Recently, I have been all over. I've been all over the map for most of my life. Currently, I write from Union Station in Chicago, having recently arrived in the Windy City from out West. Montana. Getting around, seeing the sights, is something that has a tinge of sacridity to me. I made up the word sacridity, but its meaning should be clear. Something that has always been a comfort to me on my travels, both stateside and beyond, is that something about each place, with precious few unpleasant exceptions, has felt familiar.
I love the rows of houses and restaurants in Lincoln Park as if they were home, I love the big empty of eastern New Mexico for the endless stories she has to tell. I love the rolling hills and farms and forests of southern Indiana and northern Kentucky for the gentle, fertile beauty she won't, but ought to, boast about. I love northwest Montana for her density and I love eastern Montana for her bleak beauty.

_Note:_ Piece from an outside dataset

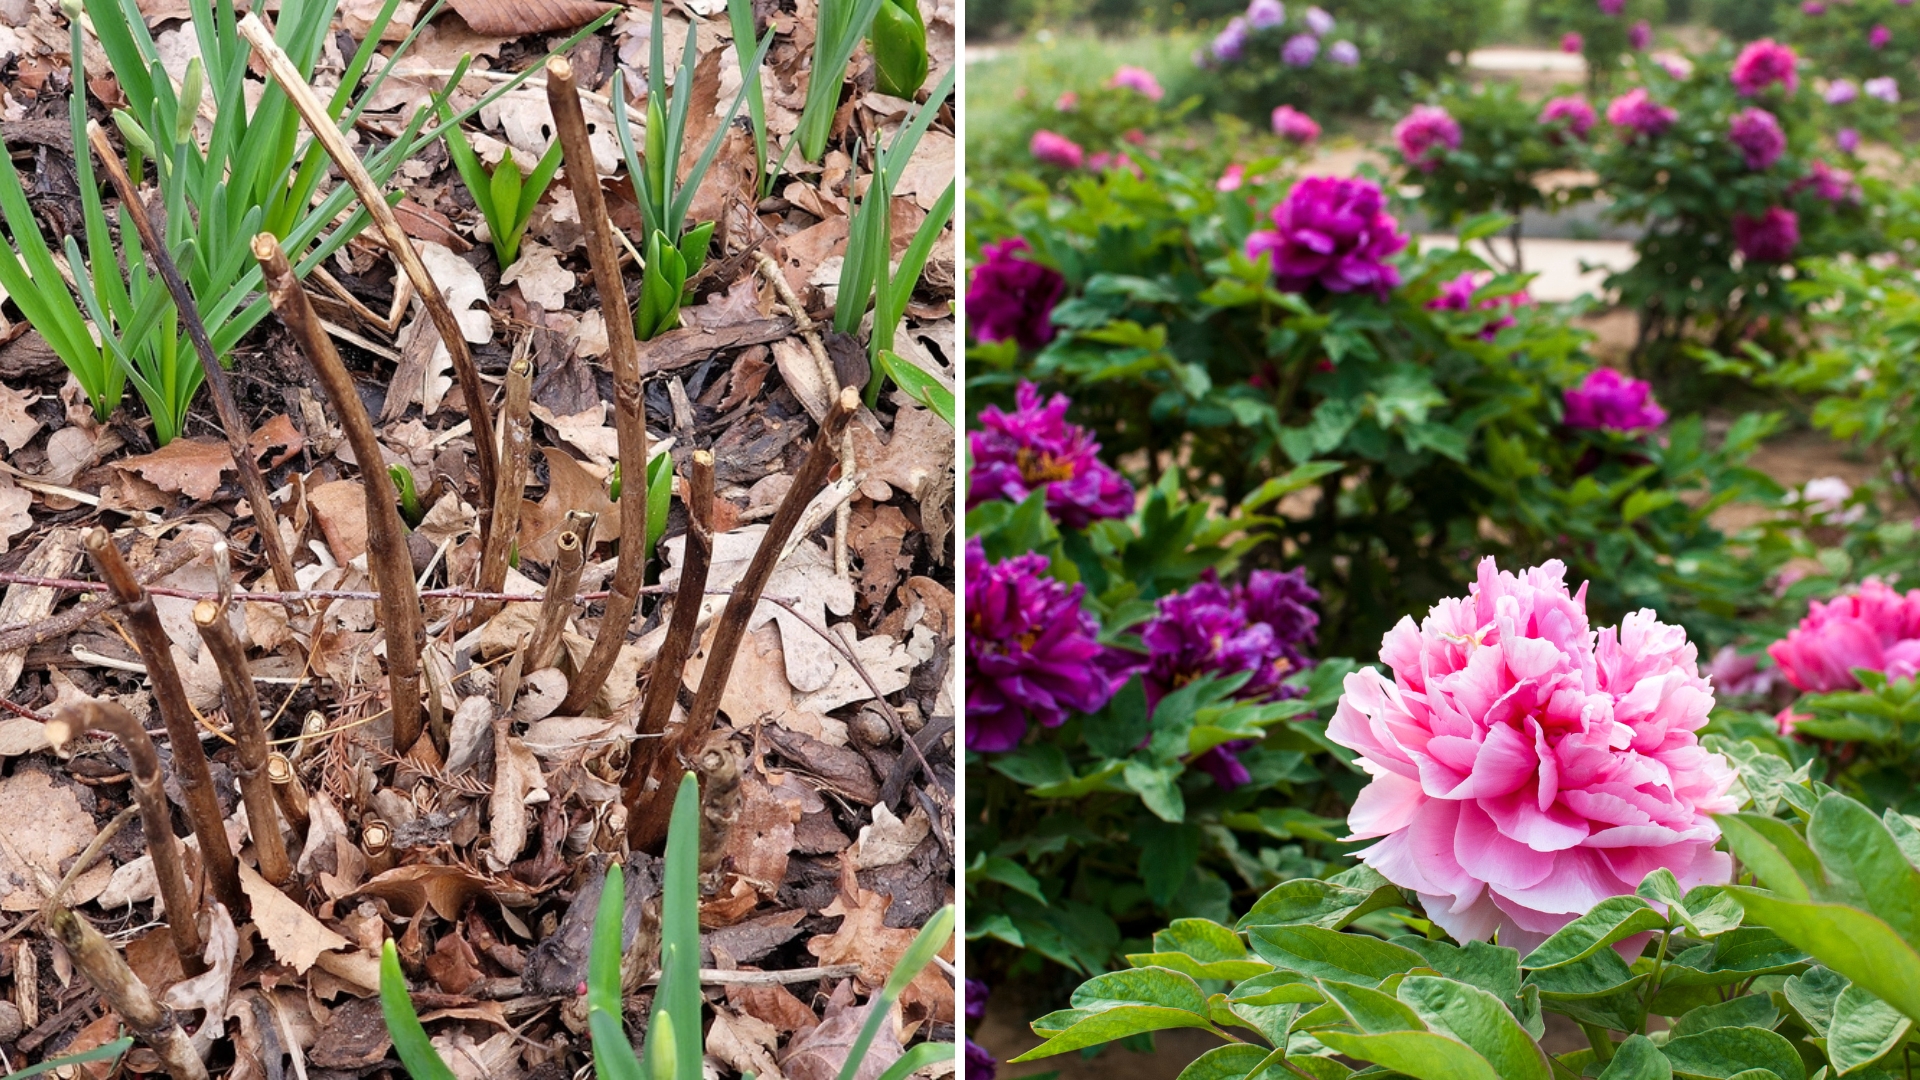 Here’s When You Should Cut Back Peonies For An Explosion Of Blossoms Next Season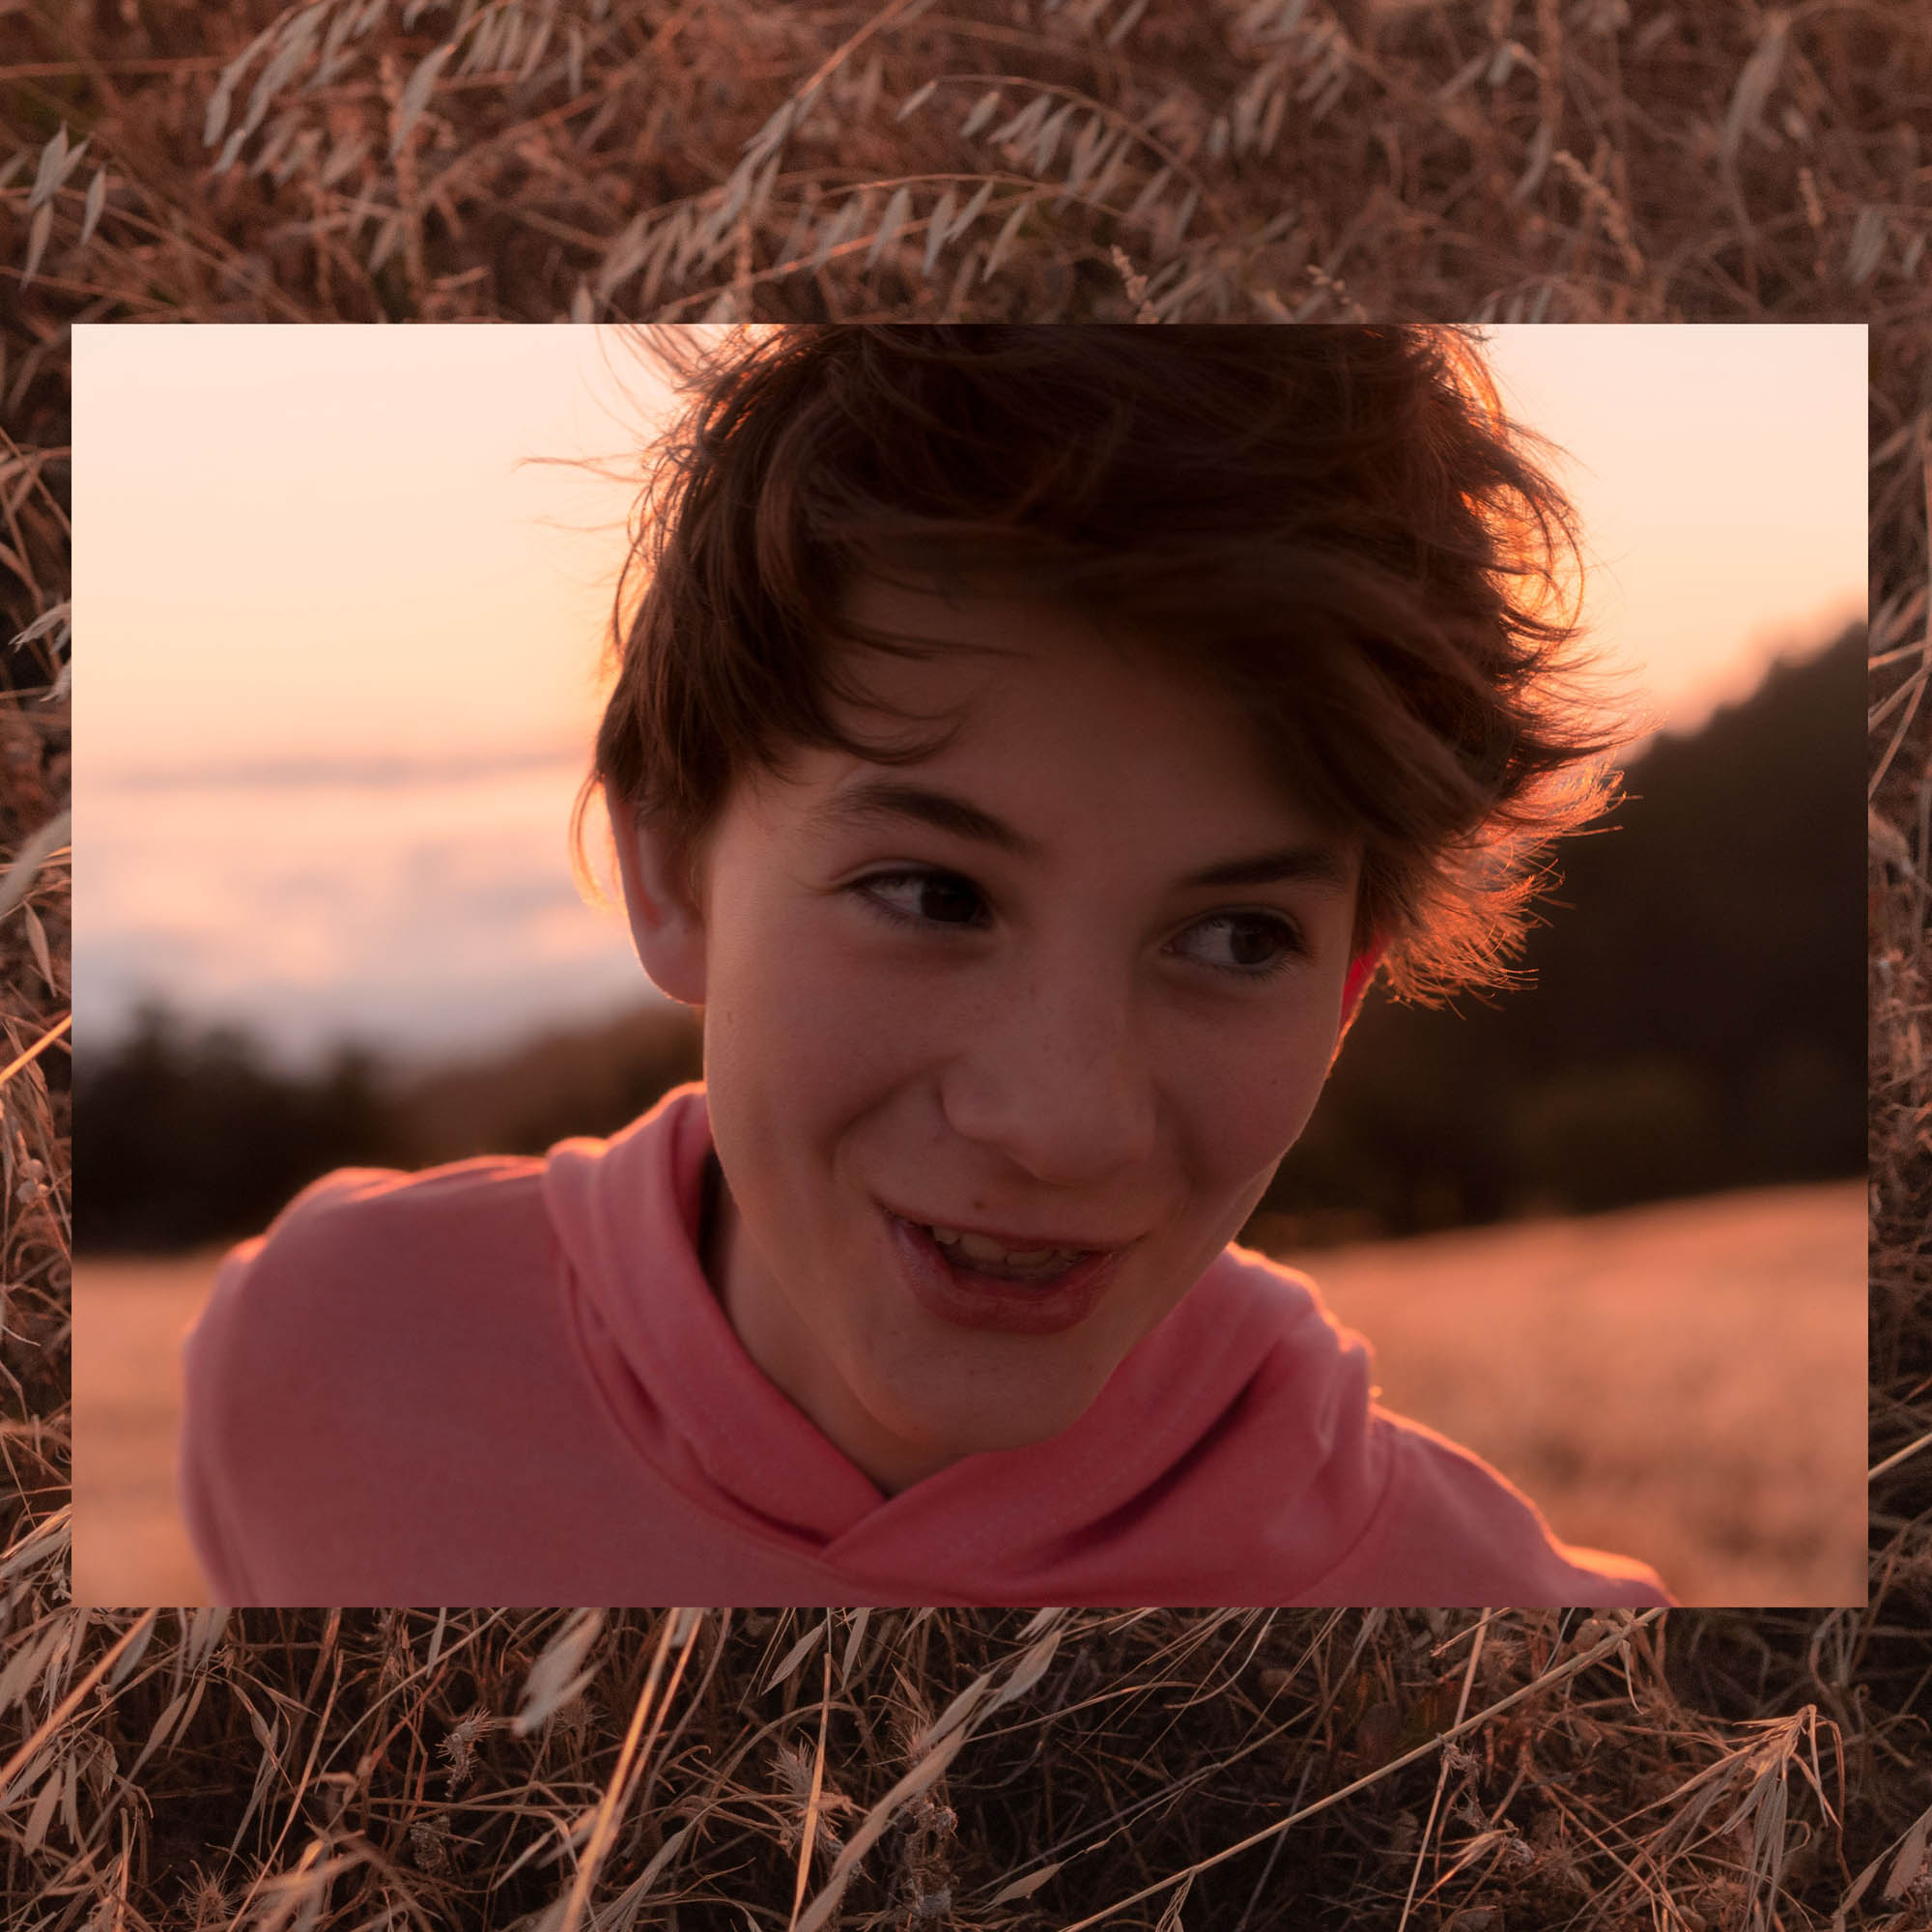 Boy smiling at sunset a top a mountain

I love central Africa for her familiar foreignness and I love central China for her landscapes so complex that simple wonder is the only possible response. But most of all, I love how all of these places have been my genuine, comfortable home.
What I am describing is feeling like a local. I don't mean knowing the best place to get a cheap meal or who to call when your car breaks down, though with the internet now you can easily get these insider tips in any town, big or small. What I mean is that every place holds a small piece of magic reserved for the expectant and curious traveler. All there is to do is be open to whatever may be around the next corner, next tree, and listen.
Going through any place acknowledging only the pavement 100 feet ahead, or worse yet, the screen 6 inches ahead, is a tragic miss that leaves the misser worse off than they were before. A local knows what surrounds them, and a traveler who pays attention, pays critical thought, to what’s around them, is rapidly becoming a local because, well, they are learning. They are acquainting. In this way, anyone can be a local simply by being ready and open to take is what the world shows them.
Traversing this country or any country firmly on the ground reveals these things unseen. The term 'fly over state' makes me happy because it implies there are fewer people to clog up the roads and obstruct the views. There is something about not even knowing where you are staying or what you're doing, sleeping outside, that connects one more deeply to a place than six months in an apartment ever could. But moreover, I have found this way of traveling breeds a desire, a desire to live the lives of everyone you see, to know what it’s like in that town, that big city, or that tiny farmhouse that’s close to absolutely nothing.Â
Presently, I am on a train, traveling through the southern parts of Chicago (yes I was in Union Station a few paragraphs ago, I write in chunks), and I almost feel like I am leaving home even though I am bound for Houston, which is as much of a traditional home as I have ever known. Sure, I was born in Chicago, though I never lived here past the age where memory develops, so it has never really been a home to me in the way we think of home. But it also is a home because it is a place where I have come to with curiosity, a place that beckons any visitor without malicious intent to come, see, learn and contribute. Being a local can happen as soon as you pass the city limit sign and can last long after you depart. You see, being a local is an attitude, free of resident requirements and not granting the freedom to complain about tourists or Californians. Being a local means expecting to be wowed by architecture and landscape features in equal measure, about trying food you haven’t heard of and about smiling at every last person you pass, be it 100 a minute in Chicago, or 2 people a day in Condon, Montana.Â
Being a local isn’t knowing every last thing about a place. It is wanting to know every last thing about a place because the world is a beautiful and deeply interesting place, and you see that and would rather experience that than sit in the same place, doing the same thing, until expiration. Being a local is a state of being, not an address on a document. It is the ability to be content alone or in a crowd, on a mountain, on the road or in a stadium. Being a local, to me, is being curious.
A word of caution. While going everywhere all at once is something I find deeply rewarding, it can be lonely. The company afforded to an expectant traveler by a place, and by a person, are two different kinds of company. Both can sustain, for a time, but each impacts the heart differently. I am not judging which is better or worse, that is an impossible task, but they are different. Being a local in so many different places means that the city, or lack thereof, is often the closest companion you have.Â
Speaking of being a local everywhere, I am home, to where, as much as I have been a local in the traditional sense, I am a local. Texas. I have had many adventures and misadventures far from home this summer, in places where I mostly felt like a local and occasionally felt very far from home. I deeply look forward to speaking with as many of you as I can one on one to relay my adventures and maybe, just maybe, inspire someone to go and be a local in a place they have never been.
You put to words the very feeling of my travels, expressing the joy, wonder and sometimes loneliness of an explorer's wandering heart - thanks.